Drukuj
Wojcieszek, operując minimalistycznymi środkami scenicznymi, rozgrywa akcję „Osobistego Jezusa” (nagroda pomorskiego marszałka i nagrody aktorskie) bardzo blisko widzów, otaczających kwadratową przestrzeń sceny z czterech stron - niczym bokserski ring. Oszczędnie, lecz precyzyjnie organizuje niewielką przestrzeń, sprawnie wydobywając znaczenia ze skromnych zmian prostej scenografii czy gestów aktorów. Kwietniowy Przegląd Teatrów Małych Form Kontrapunkt w Szczecinie podsumowuje Witold Mrozek w Scenie.

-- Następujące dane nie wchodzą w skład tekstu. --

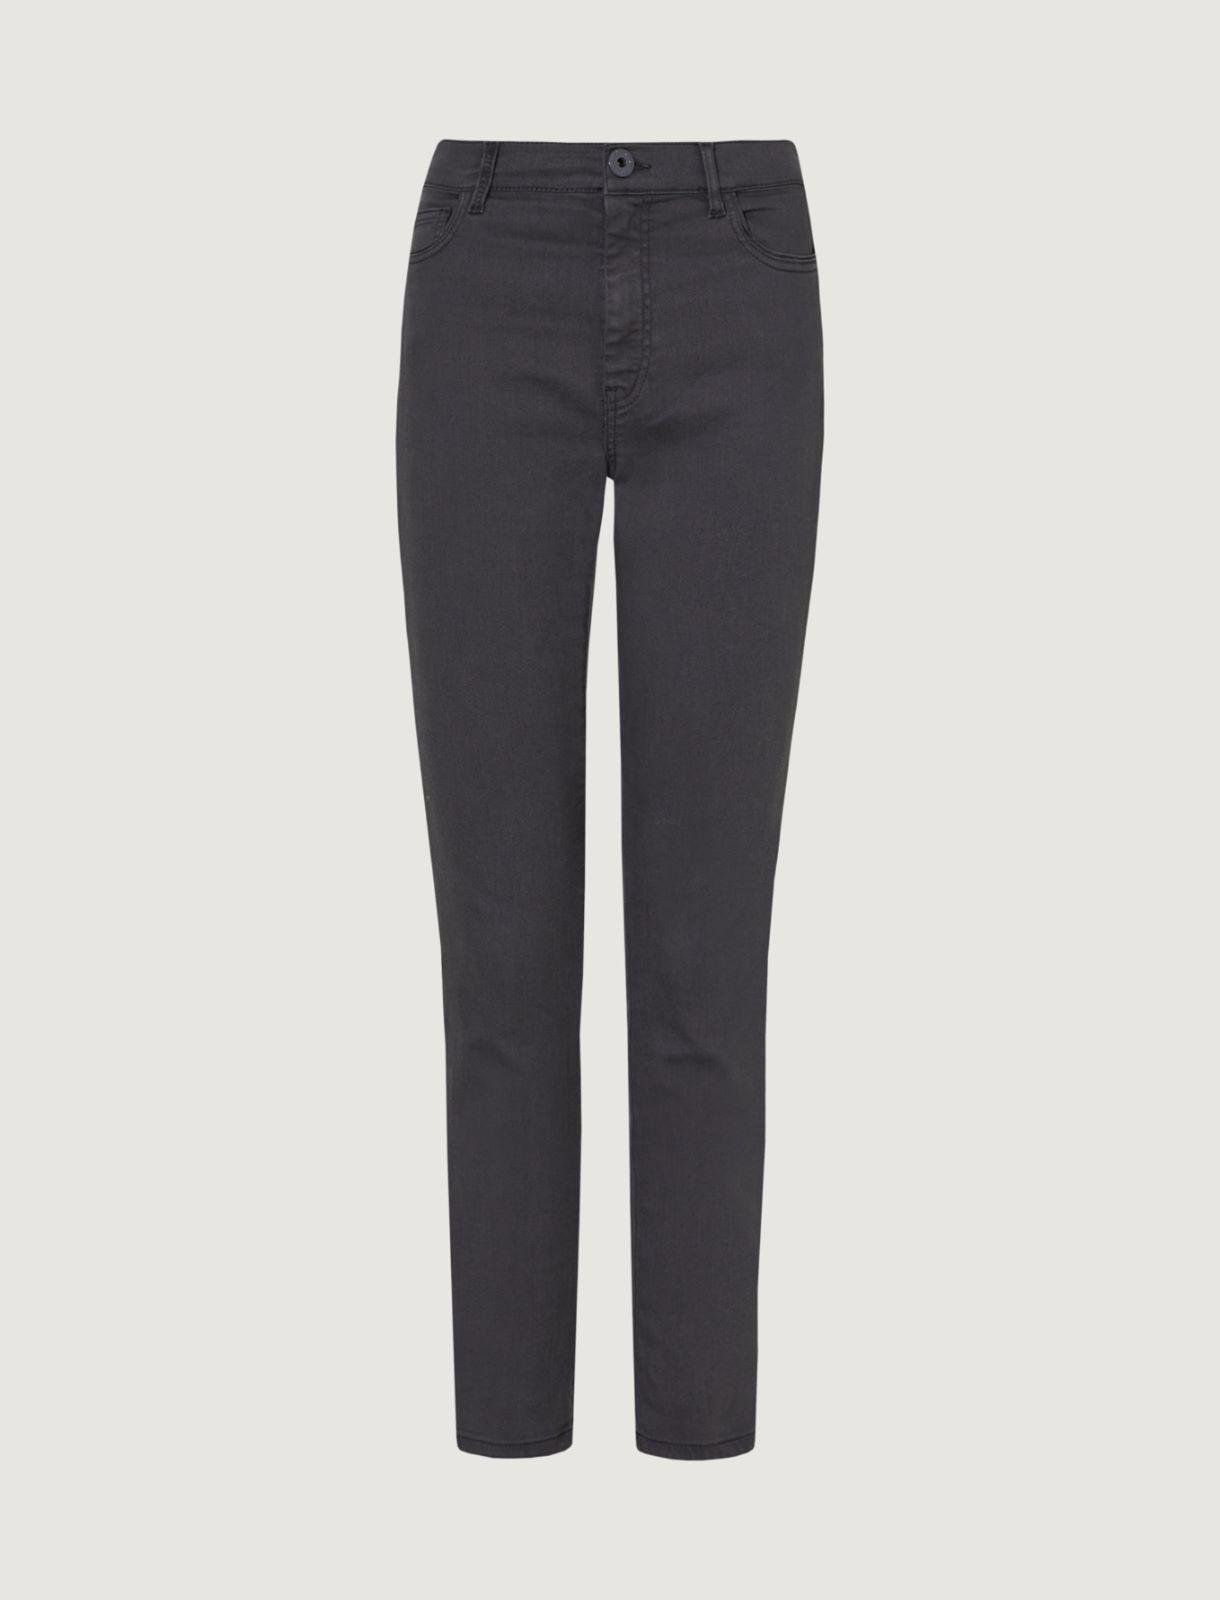 Jeans MONOCHROME Marella

Dwóch aktorów, trzy przenośne toalety typu toi-toi - a na scenie ponad trzydzieści postaci; tak najkrócej można by opisać spektakl Łukasza Witta-Michałowskiego "Kamienie w kieszeniach", laureata Grand Prix tegorocznego festiwalu Kontrapunkt w Szczecinie. Iście prestidigitatorski kunszt aktorów - Bartłomieja Kasprzykowskiego i Szymona Sędrowskiego - nadał nową, błyskotliwie komediową jakość raczej przeciętnemu tekstowi o problemach irlandzkich robotników, wykorzystywanych w charakterze statystów przez amerykańskiego reżysera. Zmiana postawy ciała, drobna modyfikacja kostiumu - podciągnięcie podkoszulka albo nałożenie czapki, inny sposób mówienia - wystarczają, by sugestywnie wprowadzić na scenę kolejnego bohatera. Elementy plastikowych kabin, np. rury, wystarczają tu za wszelkie potrzebne rekwizyty: w zależności od chwili stają się kamerą, laską, telefonem - atrybutem kolejnego z wcieleń Kasprzykowskiego lub Sędrowskiego, przybierających dziesiątki twarzy. Sam teatr, jako taki, w czasie tegorocznego Kontrapunktu pokazał wiele swoich twarzy.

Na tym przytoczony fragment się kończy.